Reexamine Race and Ethnicity in Police-Community Relations

Even as we do all that we can to protect our communities from the specter of terrorism and other crime, we cannot lose sight of the fact that we must not alienate citizens or groups of citizens within our communities.

For these reasons, the IACP Civil Rights Committee is working with the Department of Justice's Community Relations Service to develop a document that will provide our membership with the information and tools that will help strengthen relationships between police departments and their communities.

In addition, I am pleased to announce that the IACP, through a grant from the COPS Office, will be working to address issues related to federal pattern and practice and civil rights investigations. It is hoped that this project will allow for the development of best practices documents that will assist departments in their relationships with their communities, and in being proactive in establishing and implementing relevant policies and programs.

Sharpen Our Focus on the Prevention of Juvenile Crime and the Development of Young People

There can be little doubt that one of the most troubling issues that we face as police chiefs is youth crime and violence. All too often, our officers and departments are called to situations involving youthful offenders and, tragically, youthful victims of crime.

Therefore, the challenge before us both as a profession and as an association is how best to accomplish these goals of preventing juvenile crime and fostering a relationship with our communities that will allow law enforcement agencies to serve as a positive influence in the lives of juveniles.

To answer this challenge, earlier this year, I asked each IACP committee, section, and division to identify or outline a program intended to help develop young people. The IACP Juvenile Justice Committee, under the direction of its chair, Chief Steve White, has completed its review of the submissions. The committee and staff will organize the information and post this information on the IACP Web site. It is my hope that the IACP will be able to present (and keep current) this data in order to provide chiefs around the world with a series of "youth development" best practices that will allow us to tailor programs to meet our local needs and requirements.

Expand Traffic Safety Efforts

We have maintained and expanded the IACP's emphasis on traffic safety issues this year. We have accomplished these ends through public appearances focused on drugged and drunk drivers and the use of seat belts. Traffic safety was also featured in the July issue of the Police Chief. In addition, through a grant from the National Highway Transportation Safety Administration, the IACP Highway Safety Committee has initiated the Law Enforcement Stops and Safety (LESS) initiative, which examines the factors that lead to police injuries and fatalities which result from vehicle crashes.

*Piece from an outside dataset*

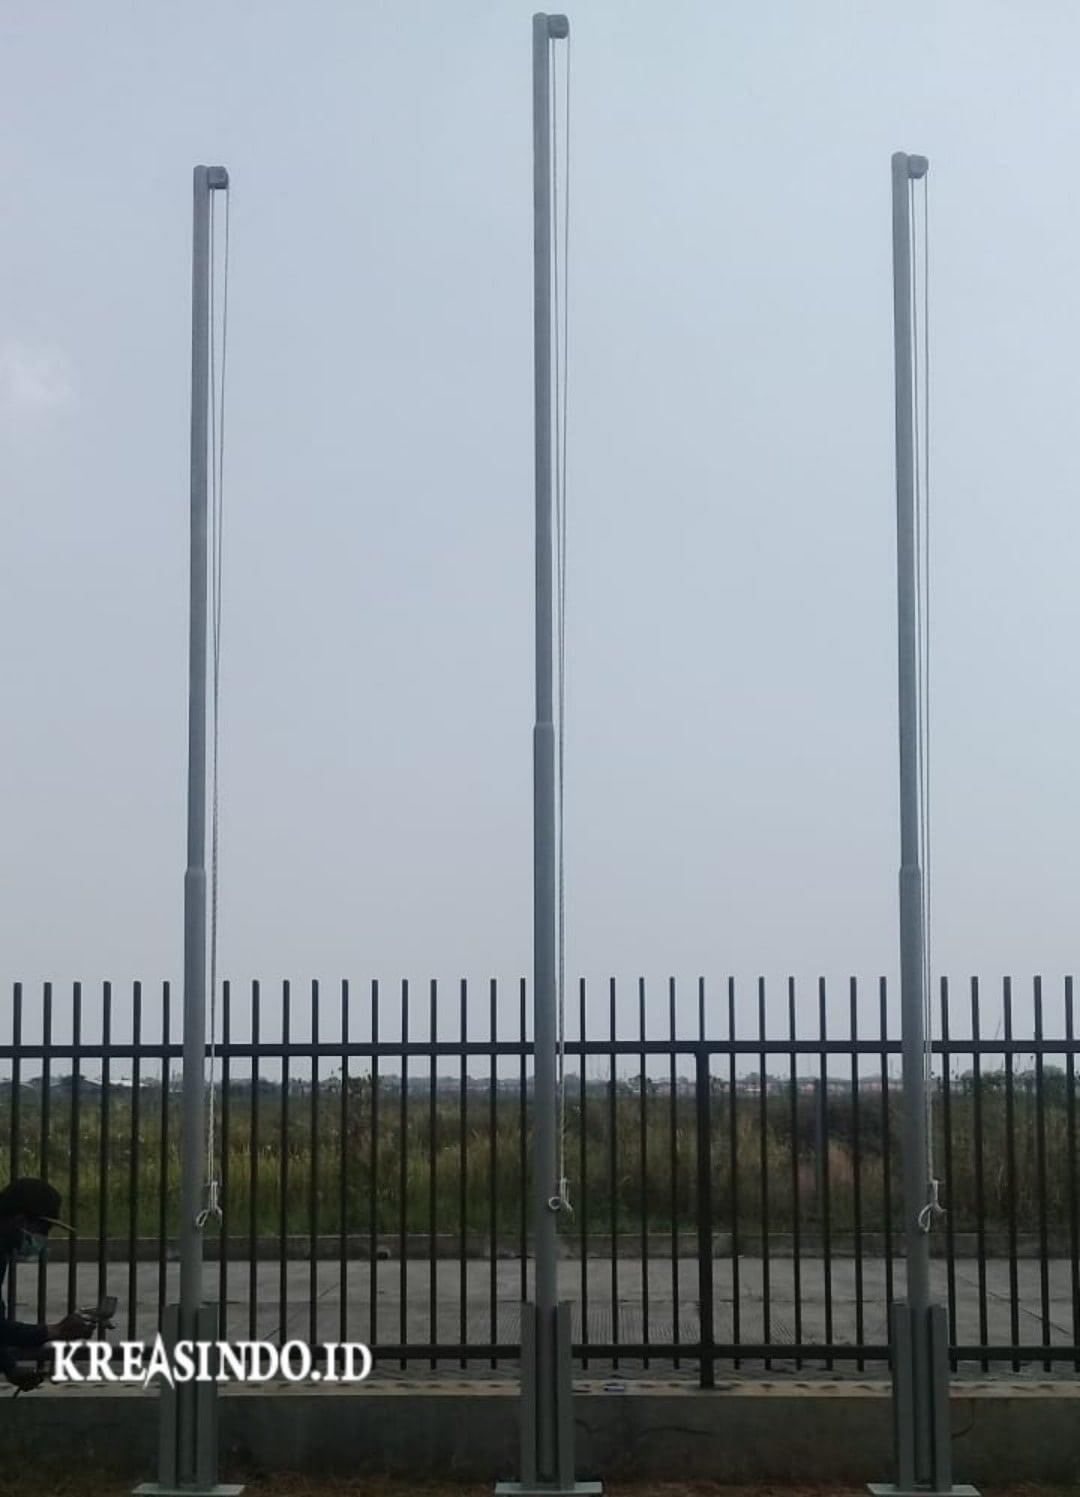 Daftar Harga Tiang Bendera Besi, Tiang Umbul-Umbul Besi dan Tiang Lampu Terbaru [ Harga Upadate Maret 2021 ]
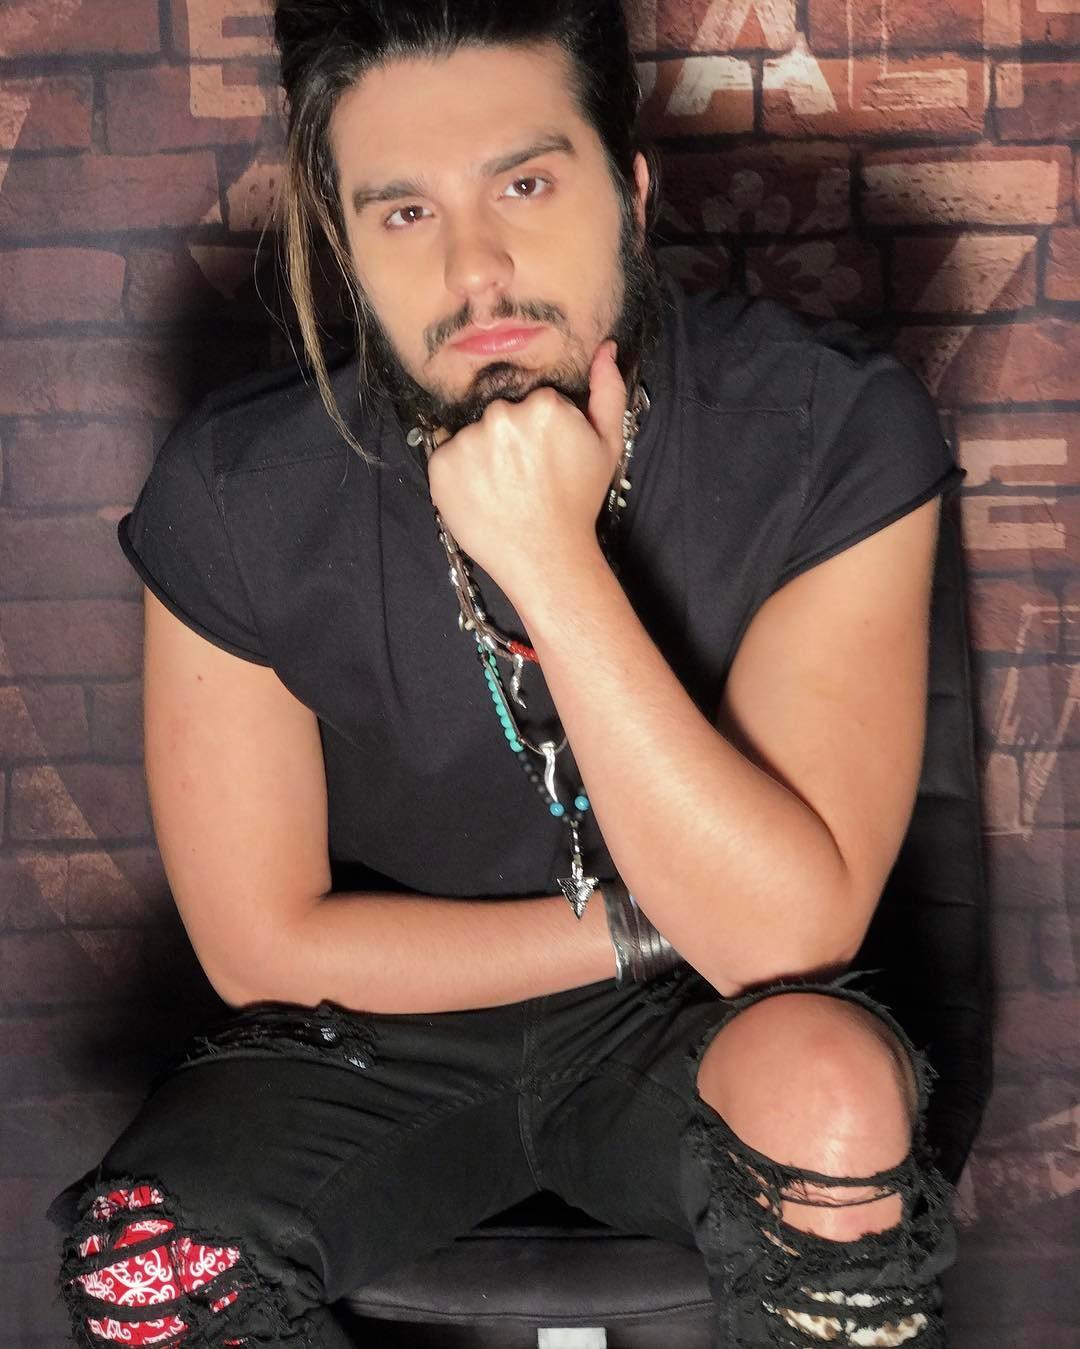 Luan Santana usa camiseta preta, olhando para a câmera e com a mão apoiando o rosto

Although it is clear that the IACP has accomplished much in the last 12 months, it is also clear that much more remains to be done. Ours is a profession that is constantly evolving, presents new challenges, and requires the service and commitment of many. The IACP will continue its efforts to ensure that its members are provided with the tools and information necessary to succeed in our mission of protecting our communities and leading our organizations.

In closing, I would like to express my thanks to the members of the IACP Board of Officers and the Executive Committee. The dedication and commitment you have demonstrated over the past year was the driving force behind our association's continued success. In addition, I wish to thank the truly dedicated men and women of the IACP staff who work hard each day to help achieve the purposes, goals, and objectives of the association.

The last year placed many demands placed upon my time and required numerous trips away from home. To my wife Sabrina and my son Joseph, thank you for your understanding and support this year. I owe you a lot and love you even more.

Finally, I wish to thank all of the members of the IACP for the opportunity to serve as your president. I will always be grateful for and remain humbled by this unparalleled opportunity to lead the oldest and largest professional organization of law enforcement executives in the world.